A revolution in manufacturing is underway that may enable the most sensitive pieces of a nuclear weapons program to be transferred and produced around the globe. In the Additive Manufacturing (AM) process, 3-D printing machines build objects of virtually any shape from digital build files—the essential data telling printers how to construct an object—by laying down successive layers of material.1 Since objects are built from scratch, one can make products in shapes and to standards impossible under any other method, and the digital nature of this automated process takes most of the skill out of fabrication. AM allows the manufacture of better products, with less effort, and at a fraction of the cost of traditional methods. As a result, it is hardly surprising that General Electric, Aerojet Rocketdyne, and the Chinese People’s Liberation Army are already using AM to print sophisticated metal parts for jet engines, rocket propulsion systems, and fighter aircraft, respectively.2
Like many disruptive technologies, however, AM has a dark side. The widespread adoption of AM will make it easier for countries to acquire nuclear weapons, and more difficult for the international community to detect and stop them. If building the bomb is like solving a giant jigsaw puzzle, one of the hardest parts is simply getting all the necessary pieces.3 Attempts to buy or build these items—such as the components of a gas centrifuge—are fraught with obstacles and set off alarm bells to the existence of a covert weapons program. In contrast, with a 3-D printer and the right digital build files, a country can print many of the specialized components for a nuclear program quickly, with little technical skill, and at low cost. Moreover, hiding such a fabrication effort would be much easier than under traditional manufacturing methods, rendering obsolete many of the international community’s tools for spotting illicit nuclear activity. In short, AM may provide a way for countries to print the pieces of the nuclear jigsaw indigenously before anyone notices.

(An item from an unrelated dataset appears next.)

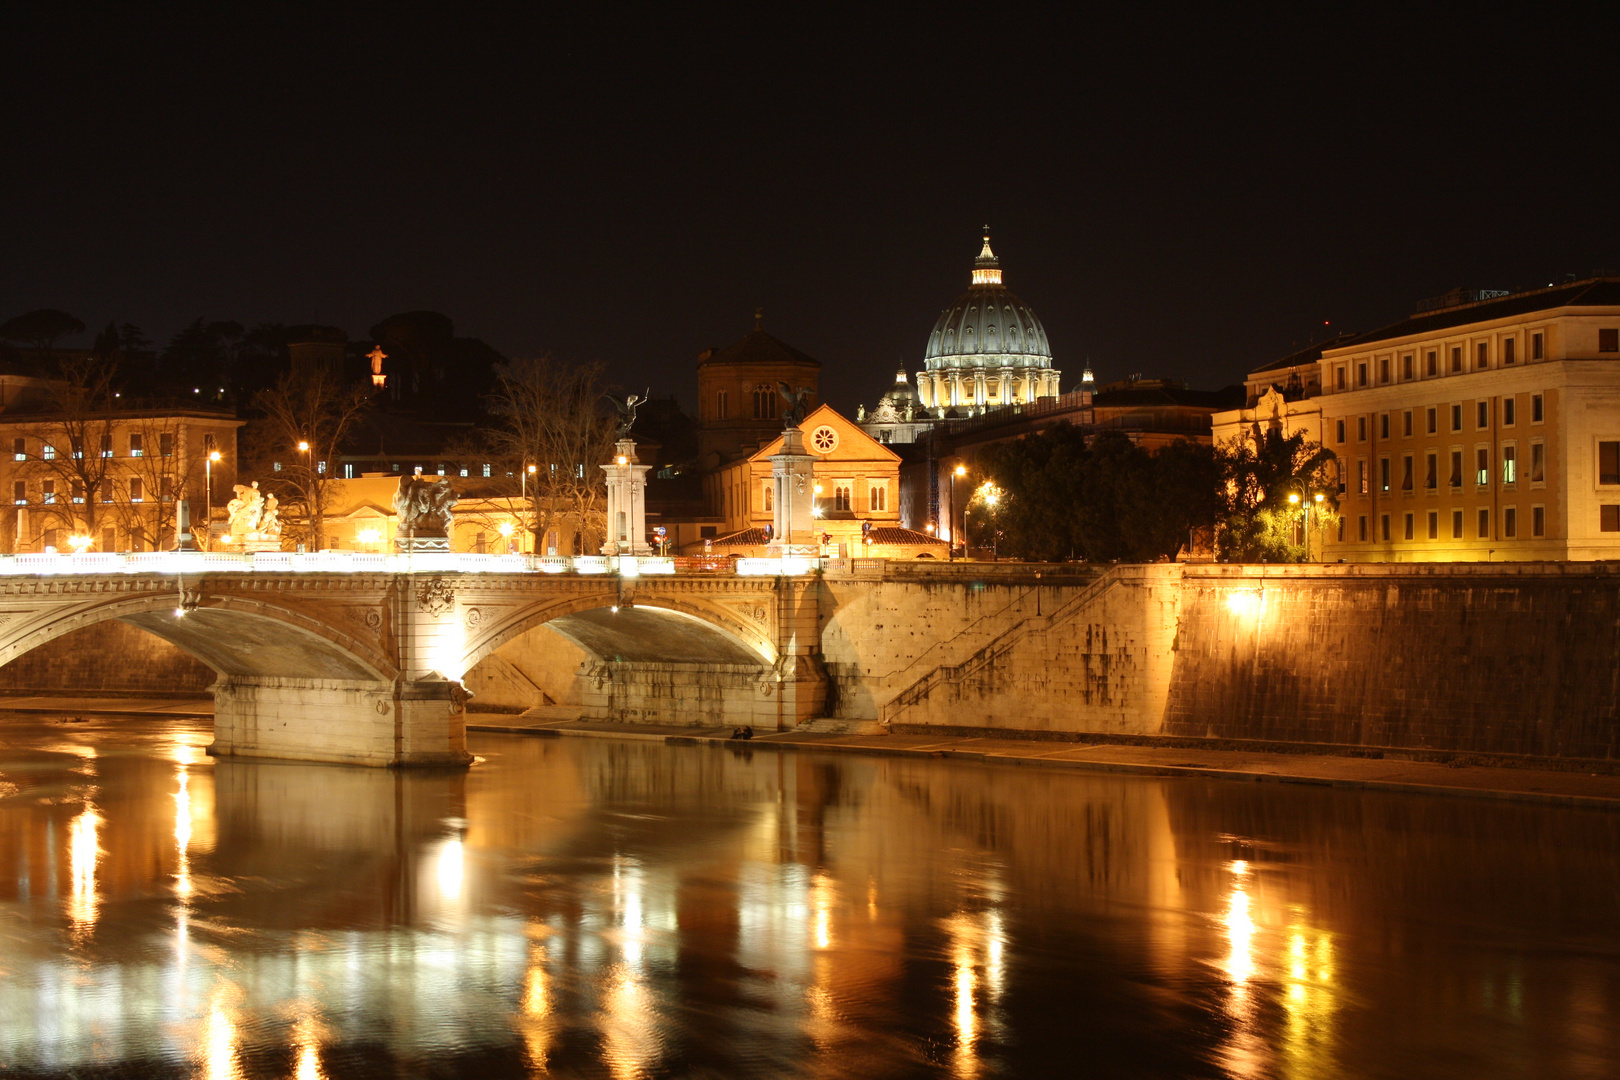 Tiber and St. Peter's Basilica

Fortunately, the proliferation potential of AM has not yet fully materialized, so the United States can still lead an international effort to prevent an AM-enabled cascade of nuclear weapons proliferation before it is too late. This multifaceted problem demands a strategy that combines the bottom-up efforts of expert working groups and top-down attention from the highest levels of national governments and international organizations. Together, they can work to create new multilateral frameworks, update existing control regimes, and develop technical fixes that will allow the world to reap the benefits of AM while mitigating its proliferation dangers...
1 “3D Printing Scales Up,” The Economist, September 7, 2013, http://www.economist.com/ news/technology-quarterly/21584447-digital-manufacturing-there-lot-hype-around-3dprinting-it-fast.
2 Andrew Zaleski, “GE’s Bestselling Jet Engine Makes 3-D Printing a Core Component,” Fortune, March 5, 2015, http://fortune.com/2015/03/05/ge-engine-3d-printing/; “Aerojet Rocketdyne Successfully Demonstrates 3D Printed Rocket Propulsion System for Satellites,” Reuters, December 15, 2014, http://www.reuters.com/article/2014/12/15/idUSnGNX8FQrs1+1d8+GNW20141215; Brooke Kaelin, “World’s Largest 3-D Printed Titanium Aircraft Part on Display in China,” 3-D Printer World, August 19, 2013, http://www.3dprinterworld.com/article/worlds-largest-3d-printed-titanium-aircraft-partdisplay-china.
3 Matthew Kroenig, Exporting the Bomb: Technology Transfer and the Spread of Nuclear Weapons (Ithaca: Cornell University Press, 2010); David Albright, Peddling Peril: How the Secret Nuclear Trade Arms America’s Enemies (New York: Free Press, 2010).